SOURCE DATA:

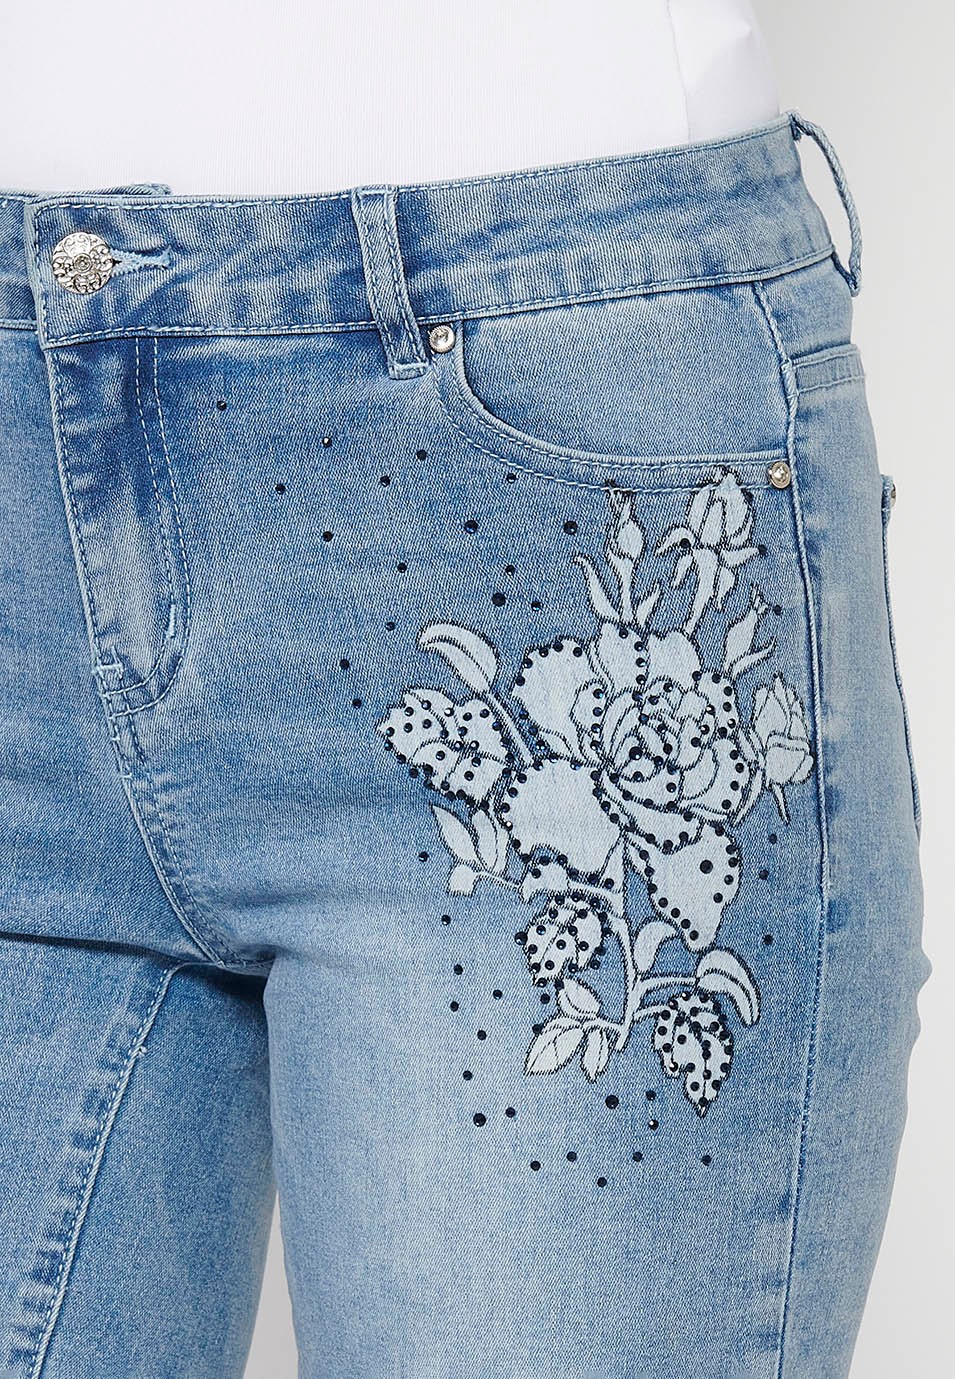 Pantalón corto, bordados florales, color azul para mujer
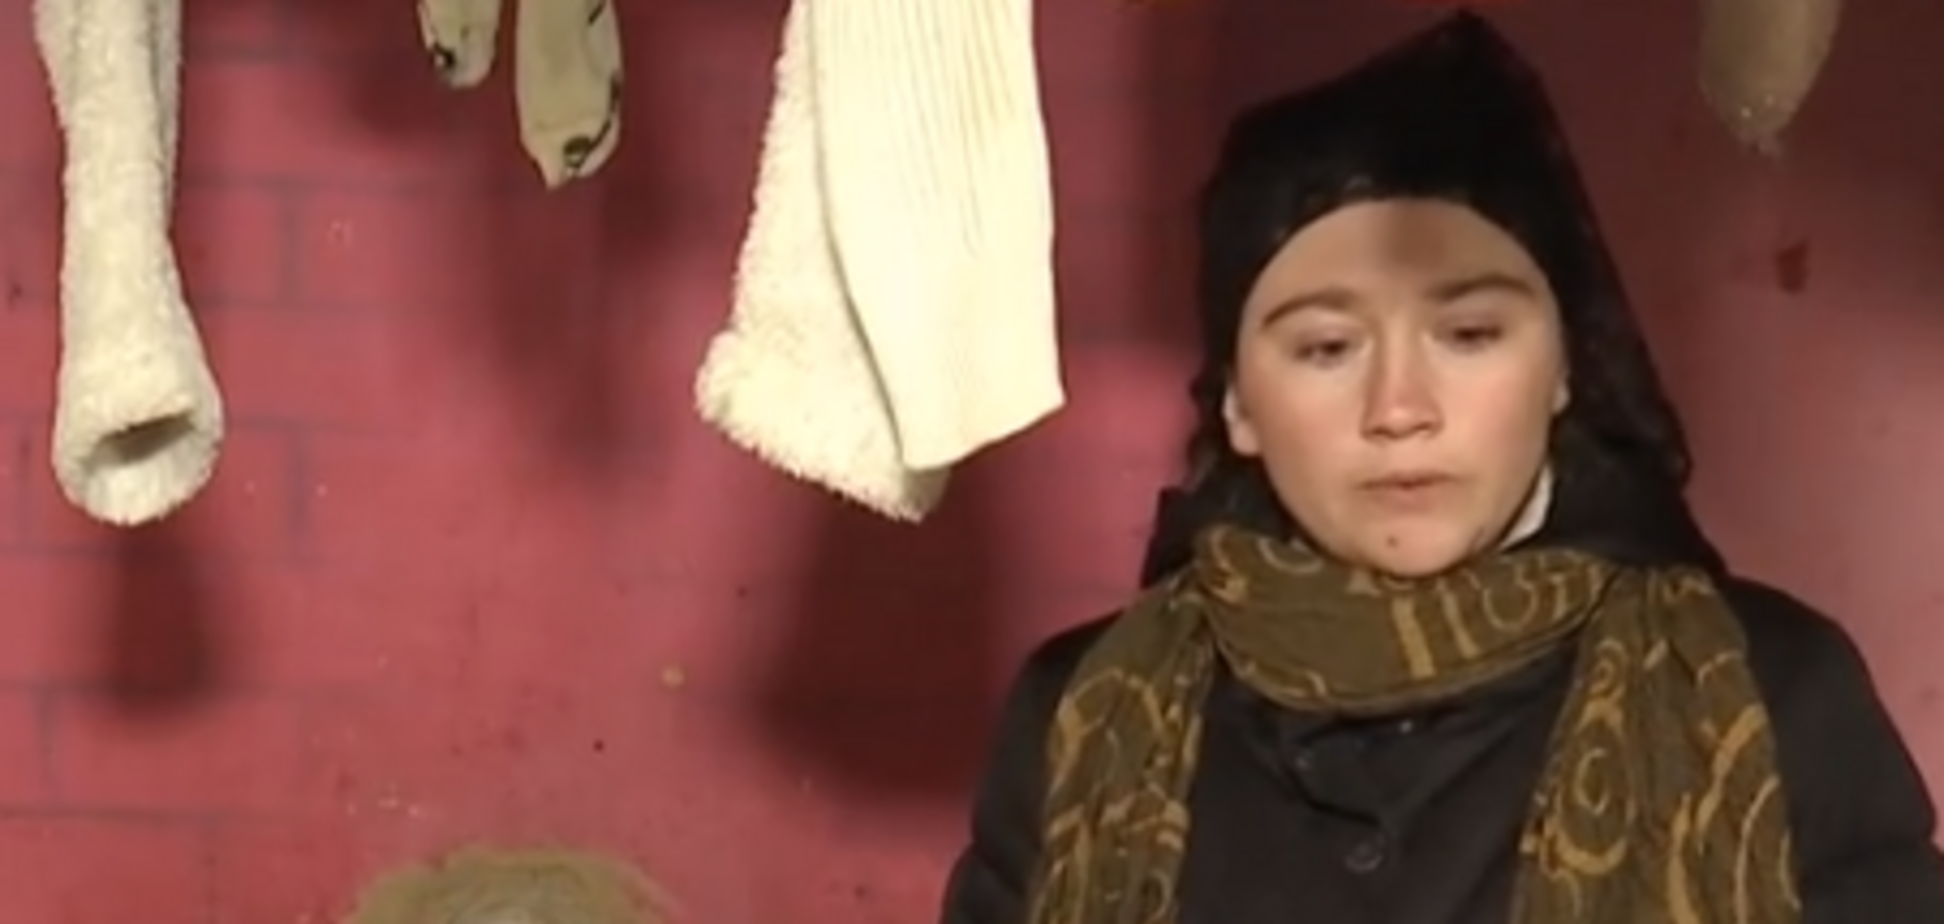  Кожа полопалась, глаза закрыли бинтами: смерть малыша на Киевщине вызвала скандал
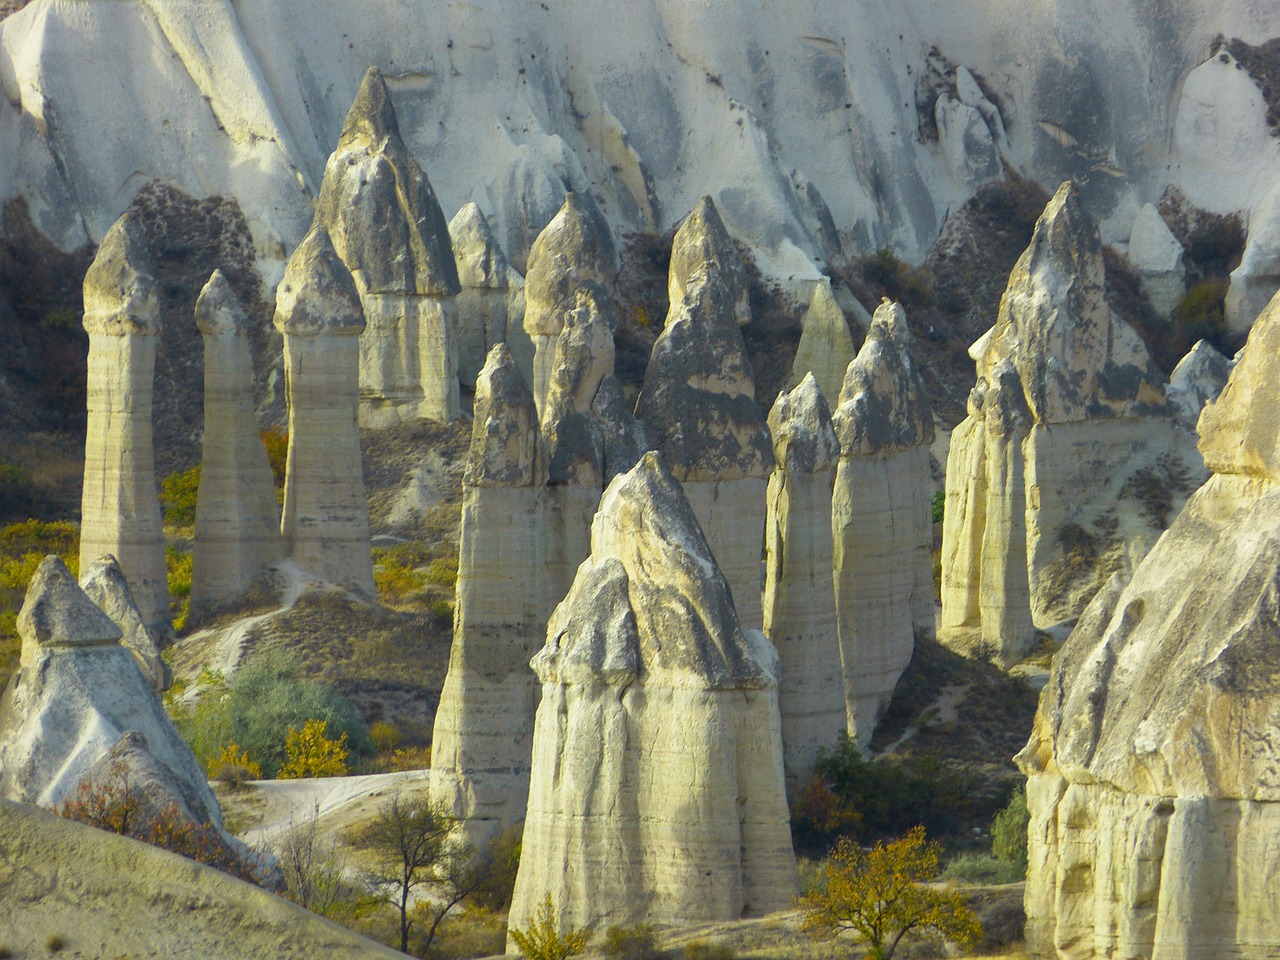 fairy chimneys tufa rock formations free photo

REQUIREMENT: Copy exactly the lines that run from the line containing "Кожа полопалась, глаза" to the end of the data above, keeping both end lines and leaving out all pictures.

RESULT OF THIS EXERCISE:
  Кожа полопалась, глаза закрыли бинтами: смерть малыша на Киевщине вызвала скандал
 fairy chimneys tufa rock formations free photo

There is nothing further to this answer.